The Michigan Judicial Institute Civil Proceedings Benchbook identifies mediation as part of Michigan’s trial-alternative framework and distinguishes general civil mediation from domestic-relations mediation. The court-rule structure helps determine how mediation is ordered, how mediators are selected, how confidentiality works, and what happens if an agreement is reached.

Mediation Formats and Scheduling

Mediation can be structured in different ways depending on the dispute, the parties, the attorneys, and safety or privacy concerns.

Some mediations involve joint sessions. Others use separate caucuses, where the mediator meets privately with each side. Some mediations are conducted in person, some remotely, and some through a hybrid format.

Many mediations can be conducted remotely by Zoom when appropriate. Mr. Chefalo regularly handles remote and hybrid mediations and is comfortable managing separate caucus rooms, attorney-client discussions, document review, and multi-party settlement discussions in a virtual format. Remote mediation can be especially useful when parties, attorneys, insurers, experts, or decision-makers are located in different places or when travel, weather, scheduling, privacy, or safety concerns make in-person mediation less practical.

The format should fit the case. The goal is to create a process that allows meaningful discussion, protects confidentiality, and gives the parties a fair opportunity to evaluate settlement.

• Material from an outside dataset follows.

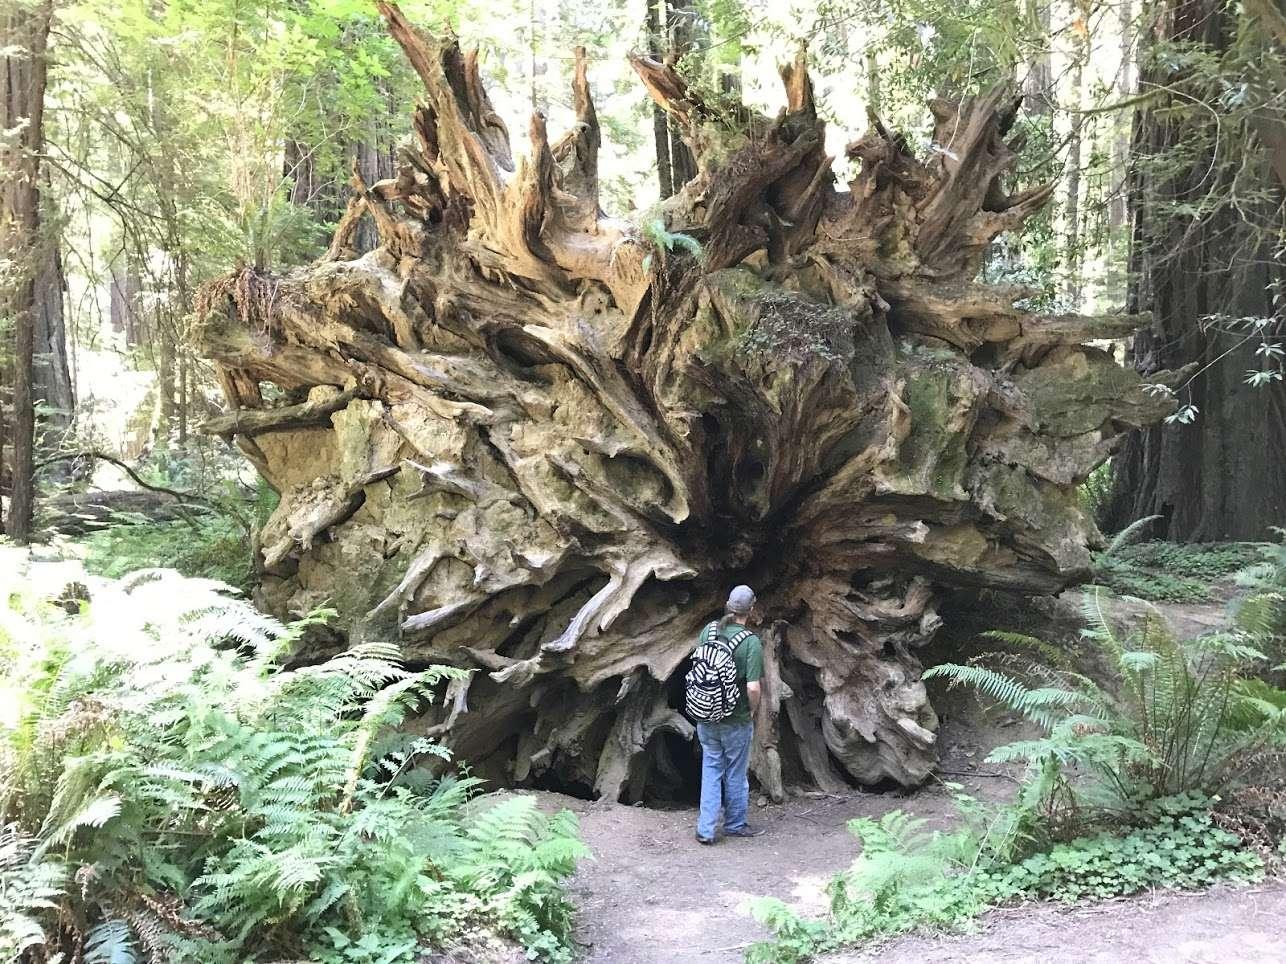 burlington campground, humboldt redwoods, ca: 6 hipcamper reviews

Attorneys may contact the office regarding available dates, fee structure, document submission, mediation summaries, and whether a pre-mediation conference would be useful.

Preparing for Mediation

Mediation is more effective when the parties and attorneys are prepared.

Depending on the case, helpful materials may include:

  • Pleadings
  • Prior court orders
  • Financial records
  • Custody or parenting-time proposals
  • Child-support or spousal-support information
  • Property summaries
  • Debt summaries
  • Settlement offers
  • Expert reports
  • Insurance information
  • Photographs
  • Business records
  • Real estate information
  • Retirement or investment information
  • Probate or estate-related documents
  • A short confidential mediation summary

The mediator may request documents in advance so the session can focus on problem-solving rather than basic information gathering.

Parties should come prepared to discuss the issues honestly, evaluate risk, consider practical solutions, and listen carefully to the concerns that may be preventing settlement.